There’s a reason I chose Statistics to be no. 10 and the first one in this countdown. When you want to enter the world of data science, you realize very quickly that you can do nothing without the concepts of statistics being clear in your head. The University of Texas at Dallas obviously understood this and made Statistics and Analytics a core course. So, when I started my Master’s program in Fall 2018, I enrolled for this course with Dr. Avanti Sethi in my very first semester. Dr. Sethi proved to be an excellent teacher, and I am honored to have had the pleasure of knowing and working with him during the past two years.

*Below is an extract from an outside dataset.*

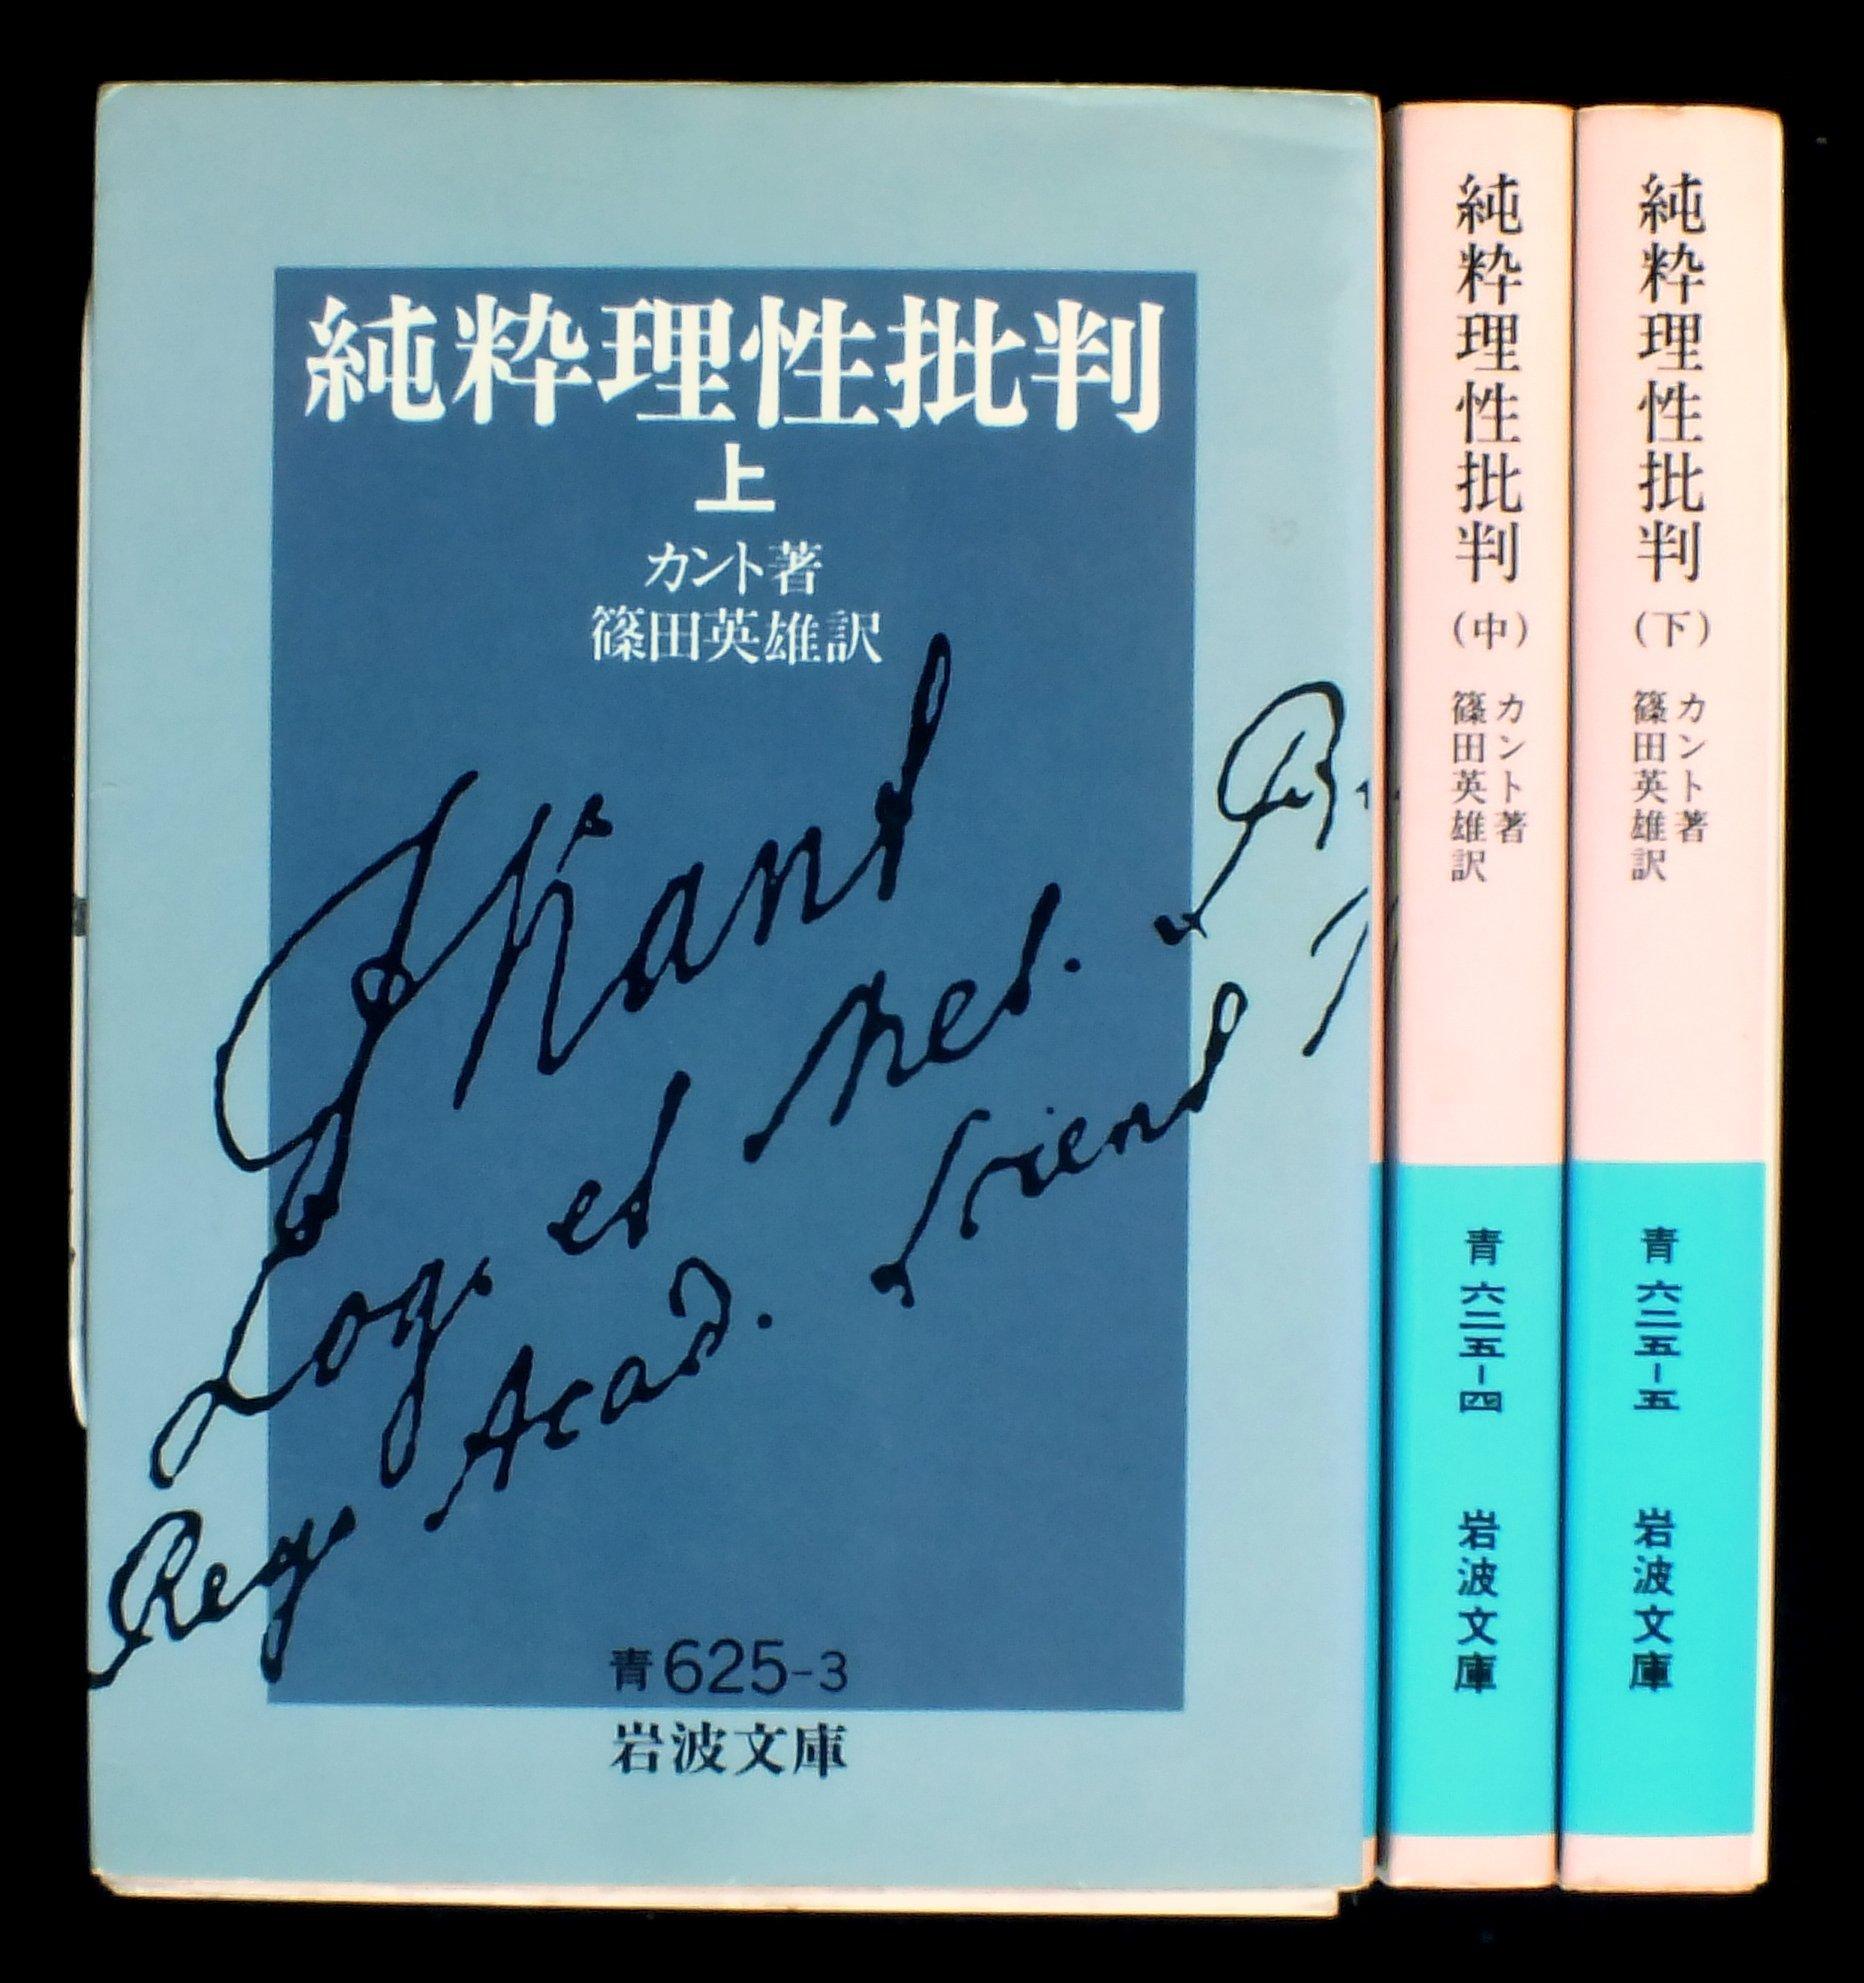 Amazon.co.jp: 純粋理性批判 上中下巻セット (岩波文庫): カント ...

Thanks to his well-designed lectures and assignments, I was able to build a strong statistical foundation with good practice of basic concepts like measures of central tendency (mean, median, mode) and measures of statistical dispersion (variance, standard deviation, IQR). The course then went on to cover concepts like population, sampling, estimation, z-score, t-score, Normal distribution, hypothesis testing, p-value, chi-square tests, ANOVA tests and regression. Dr. Sethi, who is an Excel ninja, also conducted a separate hands-on session for students interested in learning Advanced Excel and taught us how to build macros. The problem statements in his assignments covered real-life scenarios ranging from sports team performances and automobile dealerships to Halloween sales and manufacturing plant obstacles.
And just like that, right in the very first semester, Statistics and Analytics had set the ball rolling on my data science journey. I have been going back to Dr. Sethi’s assignments every few months, to make sure I don’t forget the very foundations of everything that I have learned in analytics so far. It was a memorable semester thanks to this wonderful class, and left me with a lot of confidence to move forward.
This is the first post of my #10DaysToGraduate series where I share 10 key lessons from my Master’s degree in the form of a countdown to May 8, my graduation date.